#### [Your objective]
Restate the following data in its entirety, word for word and without images.

#### [Information shown]
_ _ _ _

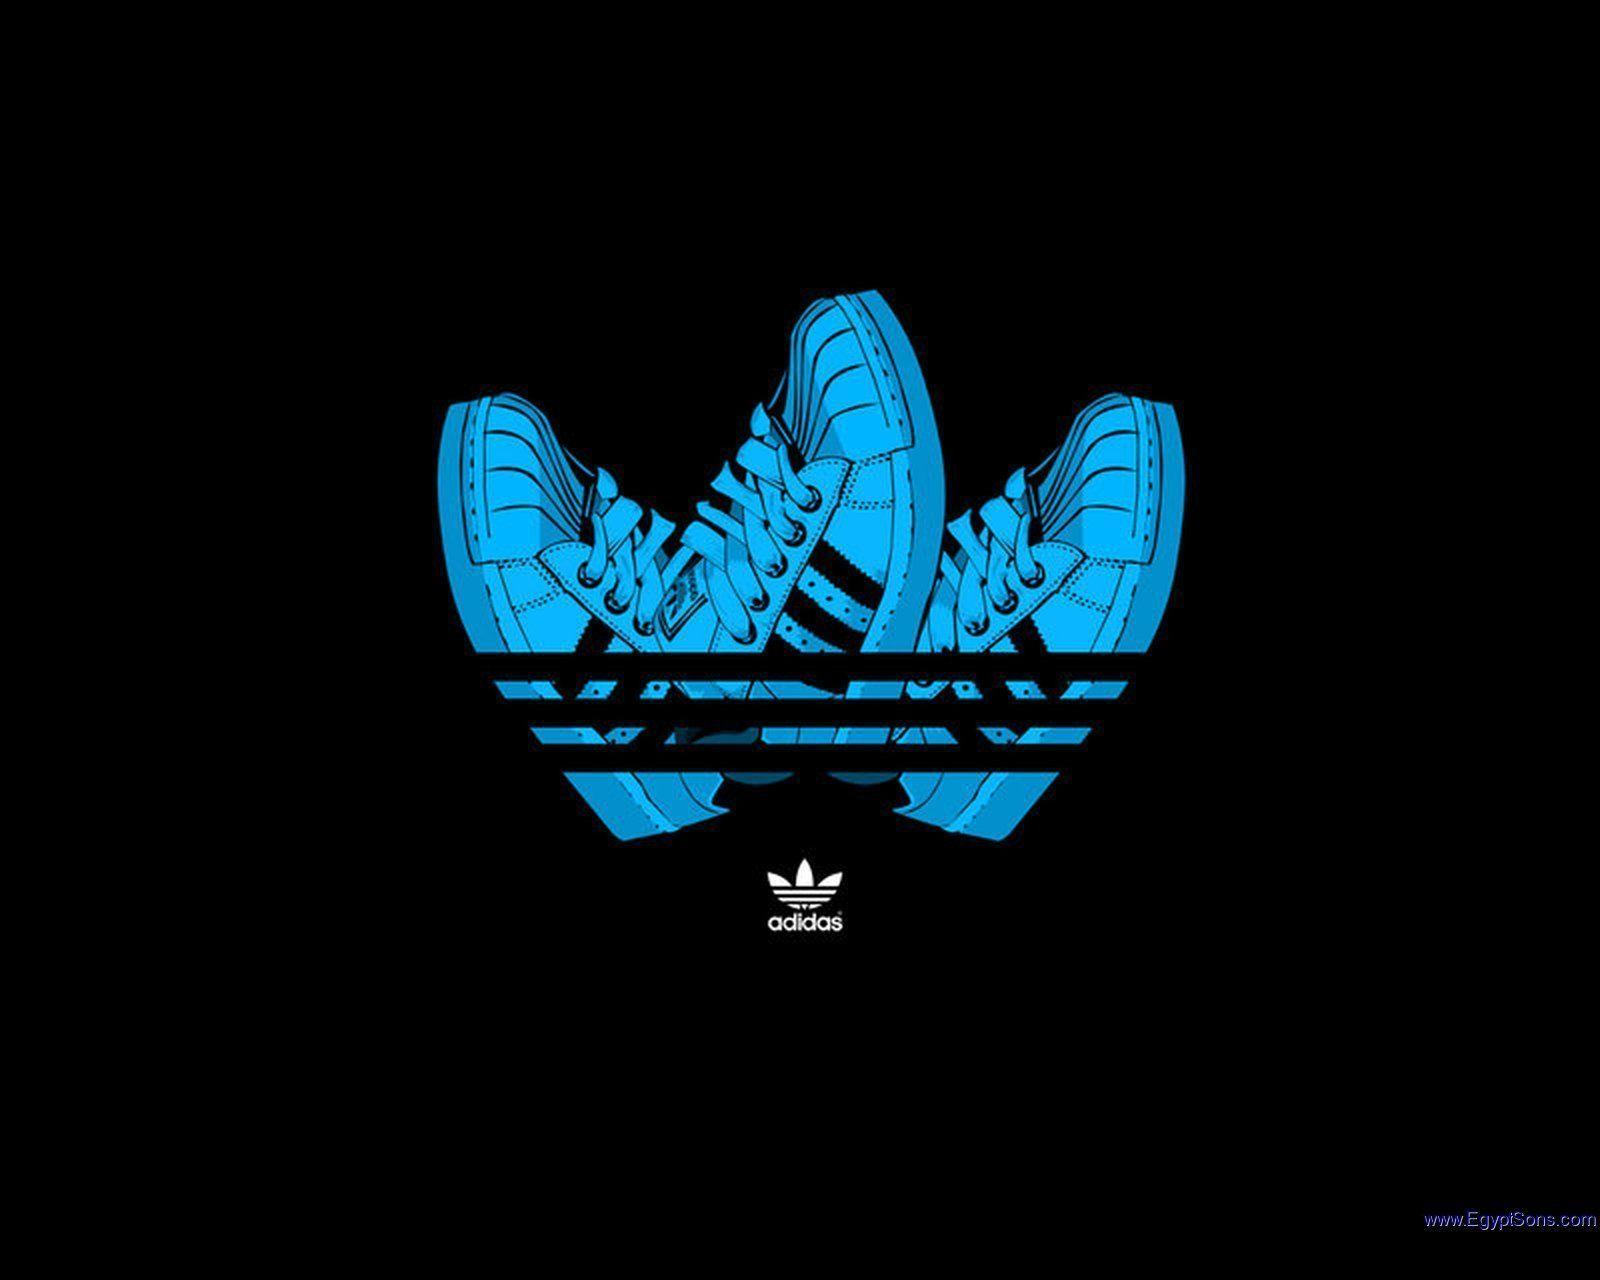 Free download Adidas Originals Logo Wallpapers [1600x1280] for your Desktop, Mobile & Tablet | Explore 71+ Adidas Originals Wallpaper | Adidas Wallpapers, Adidas Wallpaper, Adidas Originals Logo
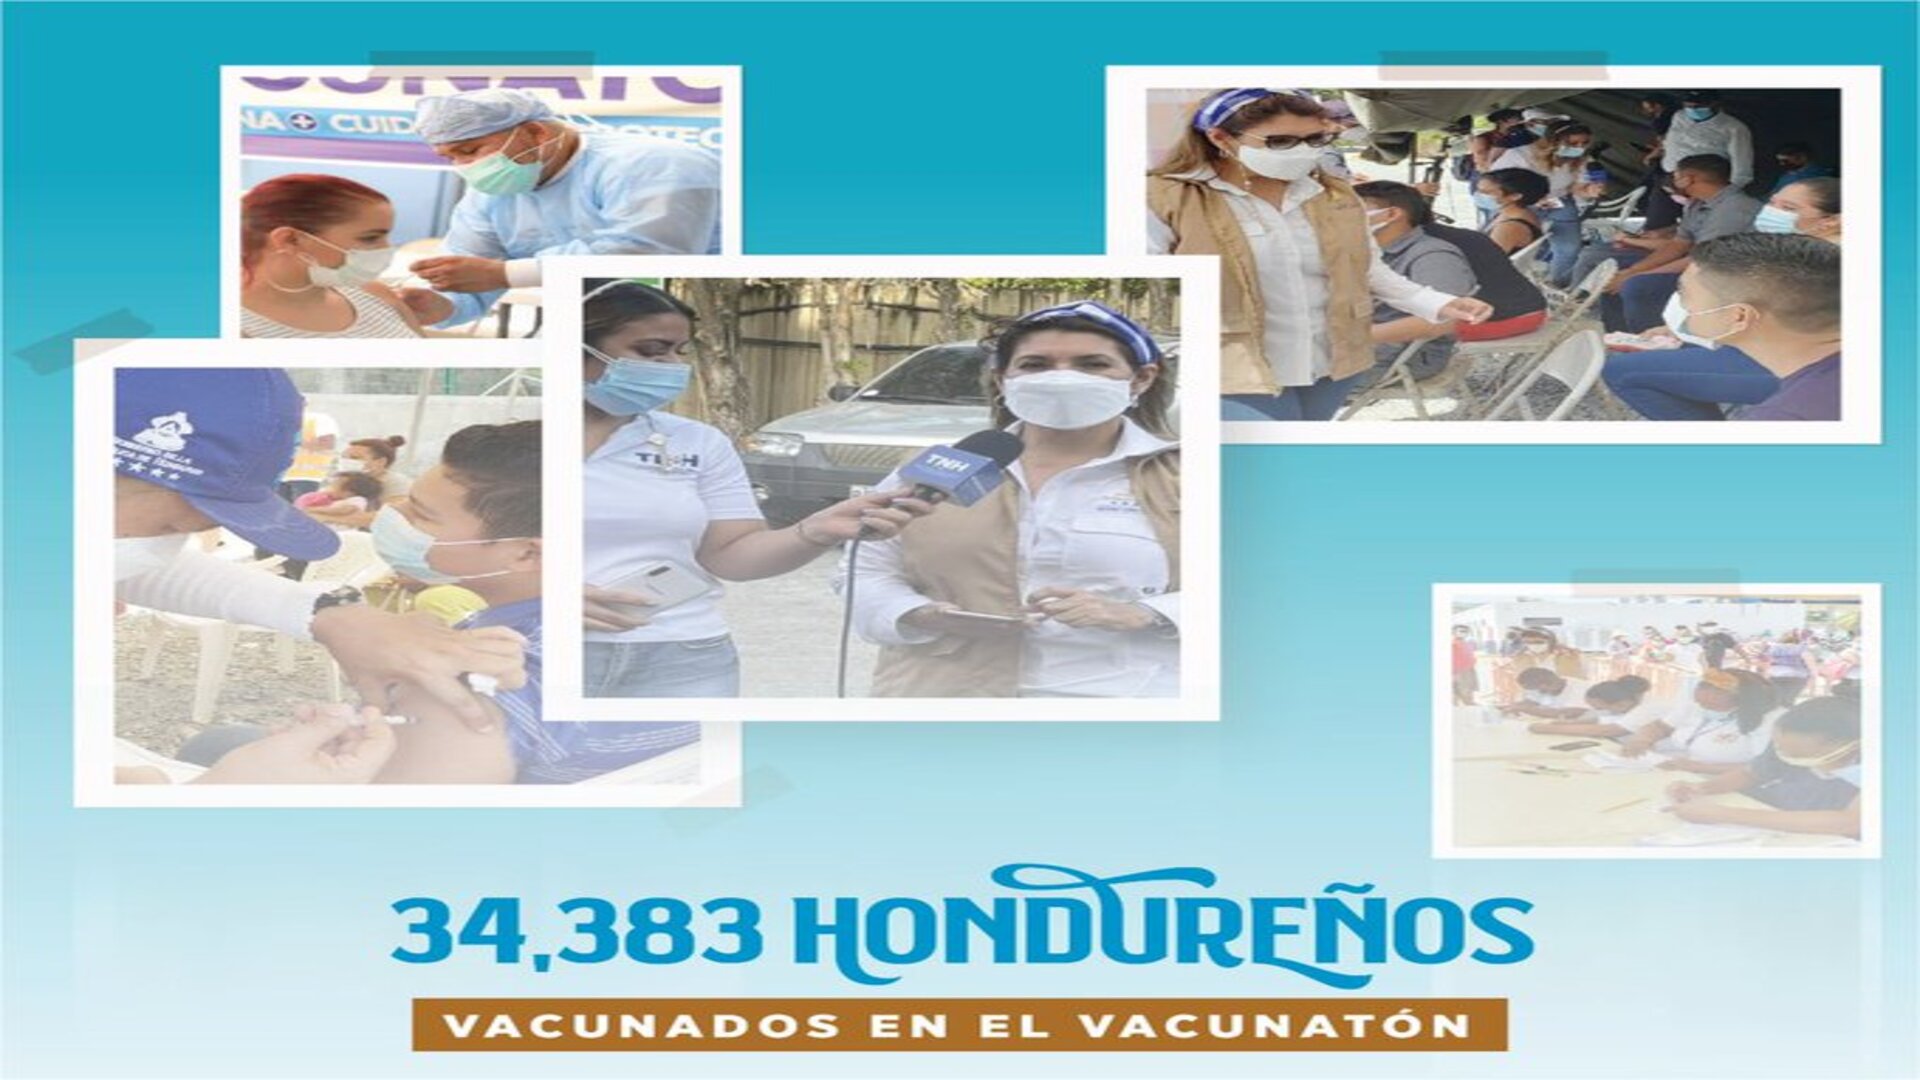 Vacunatón Honduras
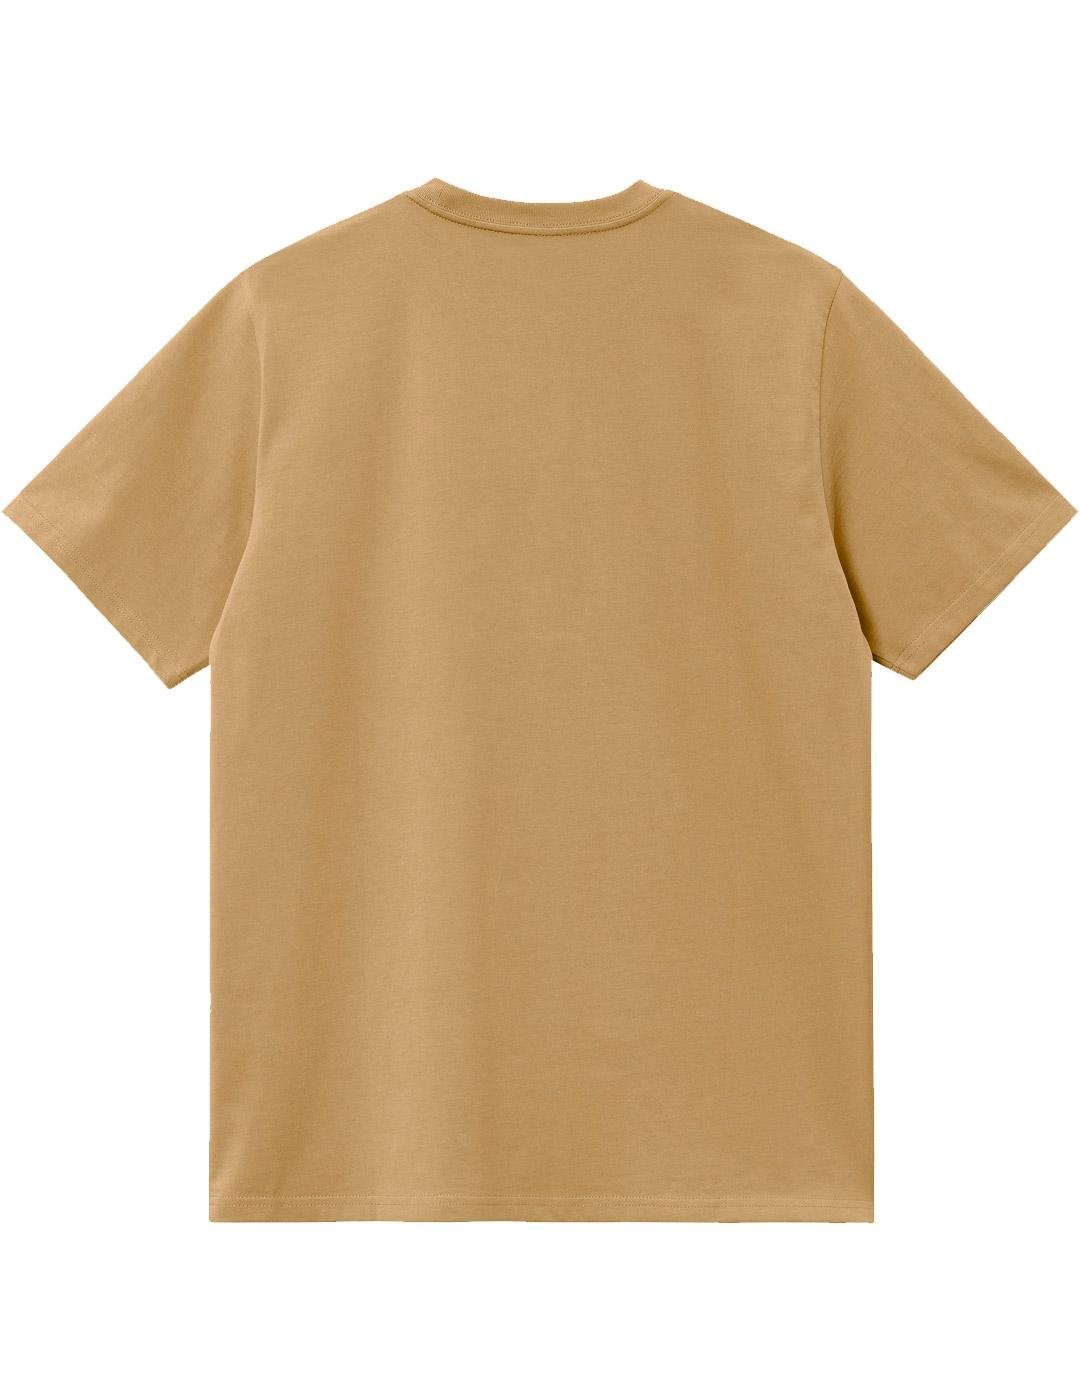 Camiseta Carhartt Wip Pocket Marrón

_ _ _ _

#### [Exercise response]
 Free download Adidas Originals Logo Wallpapers [1600x1280] for your Desktop, Mobile & Tablet | Explore 71+ Adidas Originals Wallpaper | Adidas Wallpapers, Adidas Wallpaper, Adidas Originals Logo
 Vacunatón Honduras
 Camiseta Carhartt Wip Pocket Marrón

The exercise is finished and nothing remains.